| Raw data |
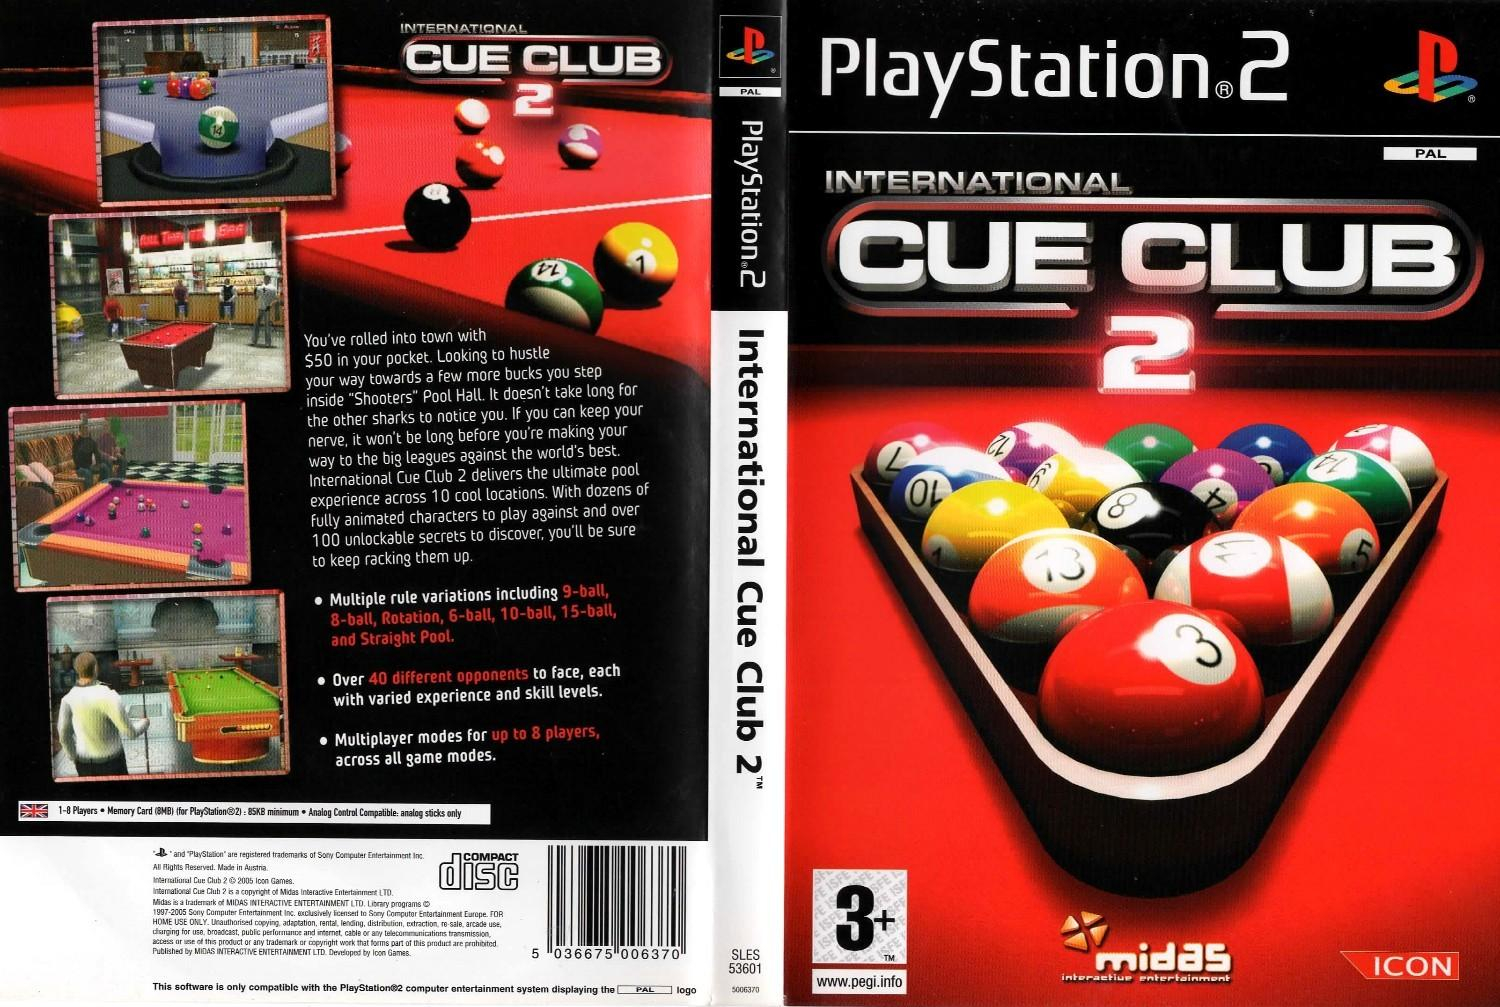 Players club 2. Cue Club 2. Cue игра. Cue Club 2002. International cue Club.
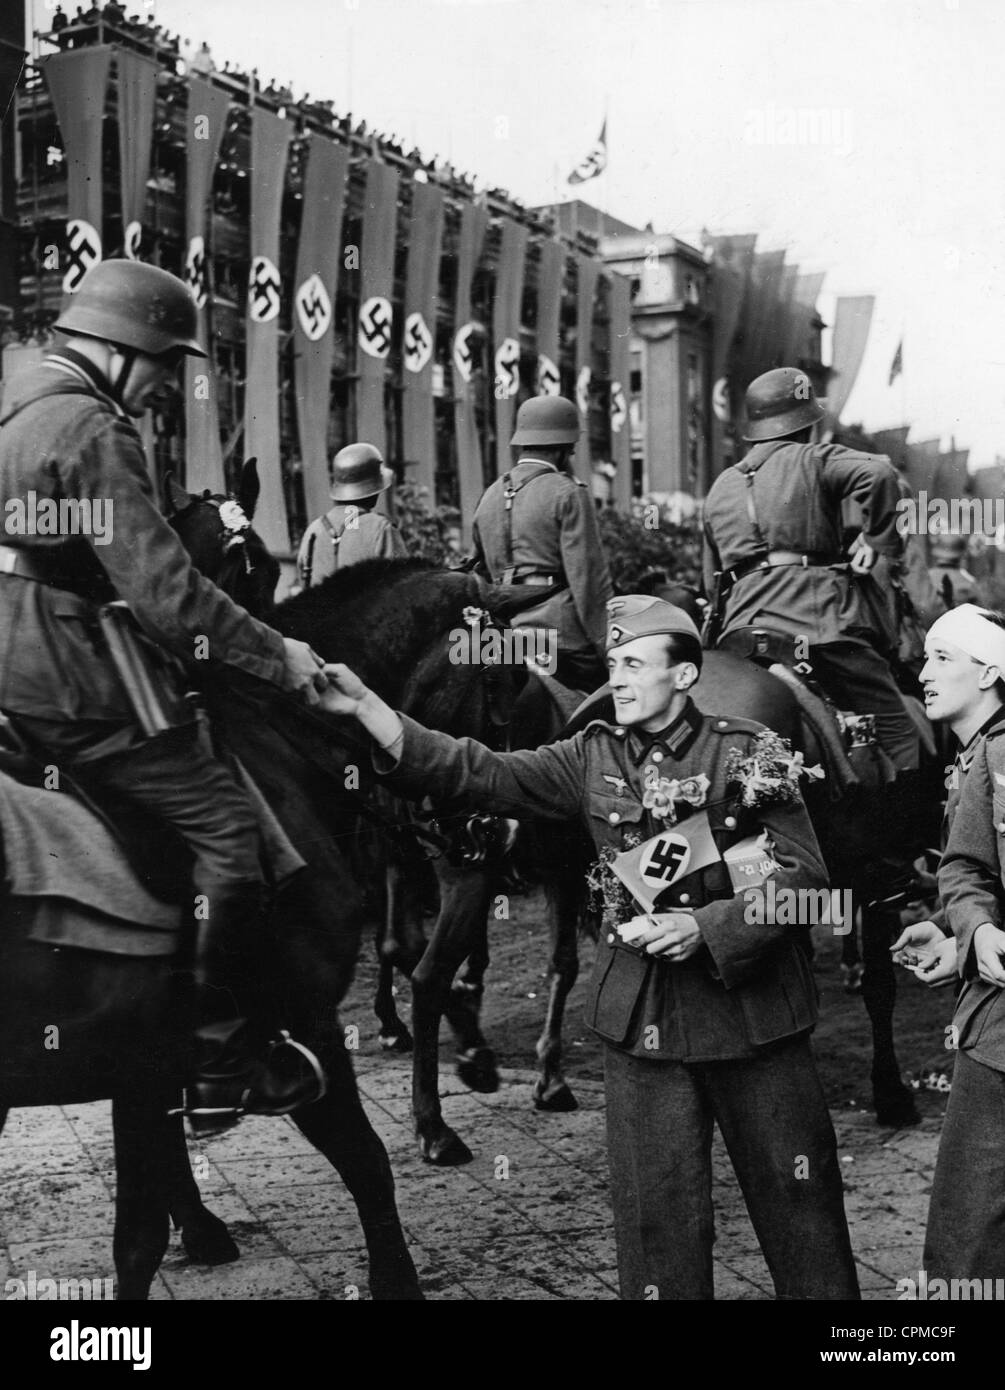 La revue de la victoire après la campagne en français à Berlin, 1940 Banque D'Images
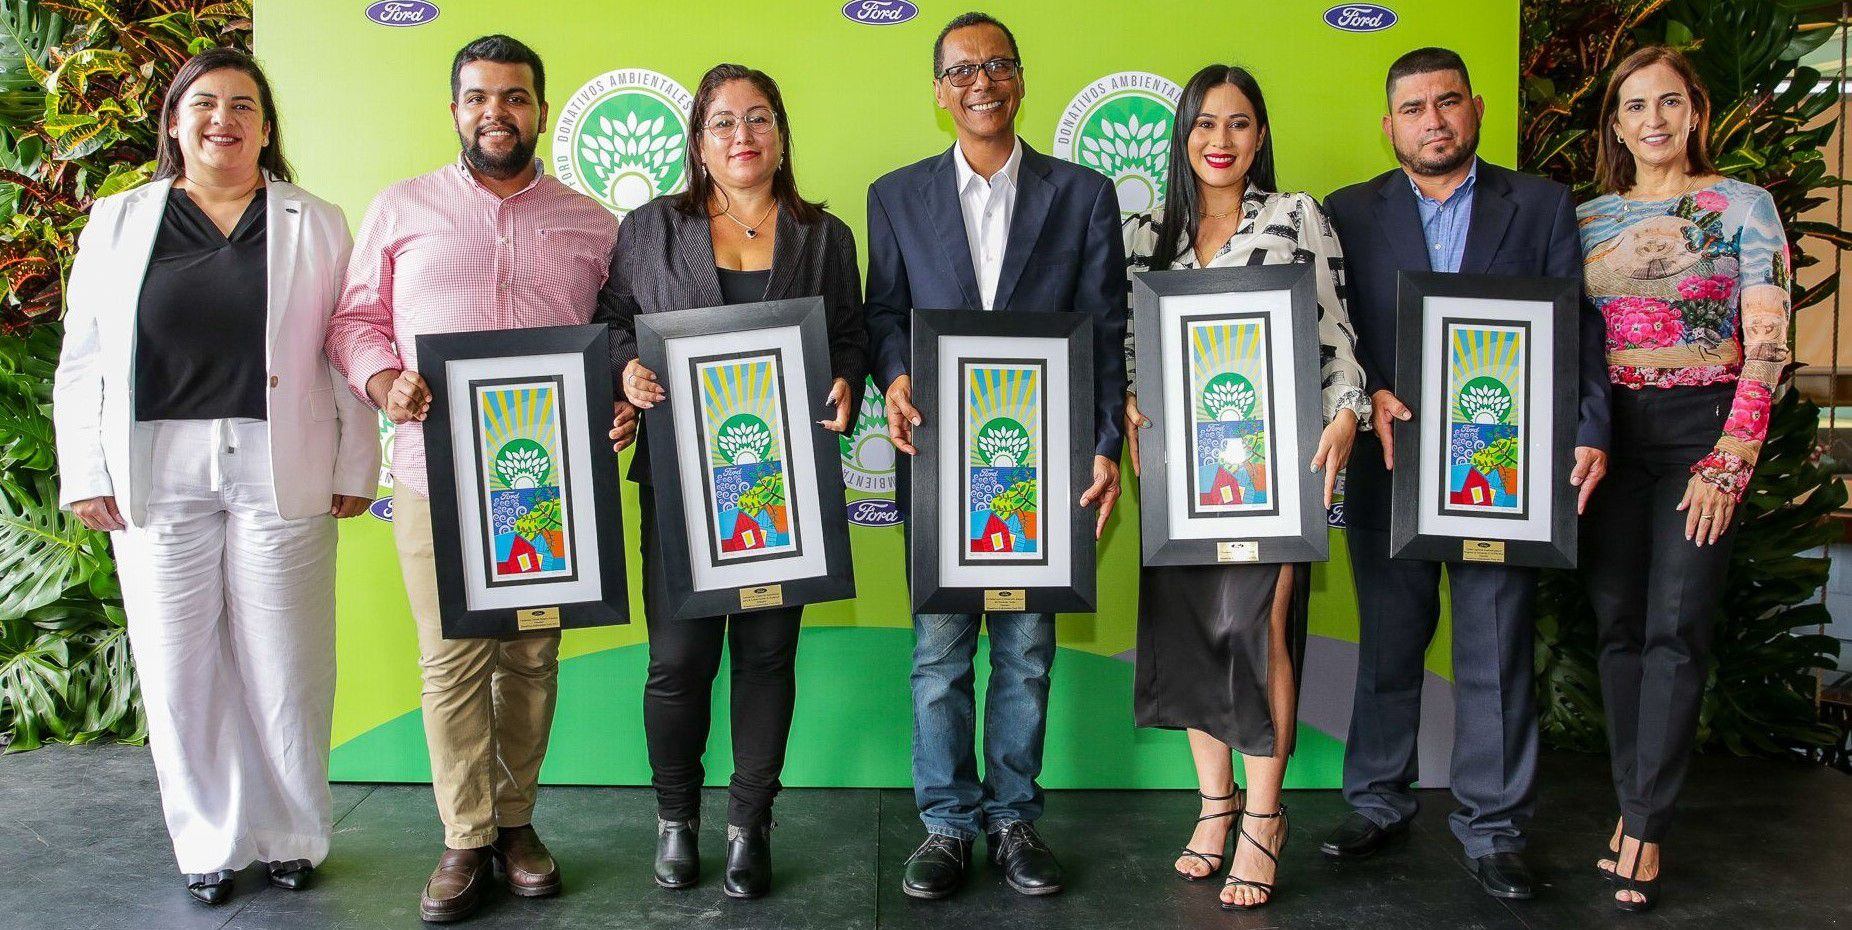 Los cinco ganadores de Donativos Ambientales Ford de este año junto a Rosángela Guerra, directora general de Ford para Centroamérica y el Caribe (izquierda) y Vivian Dávila, gerente de comunicaciones para la región (derecha).

| Exercise details |
All of the data above should be printed again exactly, though none of the pictures belong in the copy.

| Solution to the exercise |
 Players club 2. Cue Club 2. Cue игра. Cue Club 2002. International cue Club.
 La revue de la victoire après la campagne en français à Berlin, 1940 Banque D'Images
 Los cinco ganadores de Donativos Ambientales Ford de este año junto a Rosángela Guerra, directora general de Ford para Centroamérica y el Caribe (izquierda) y Vivian Dávila, gerente de comunicaciones para la región (derecha).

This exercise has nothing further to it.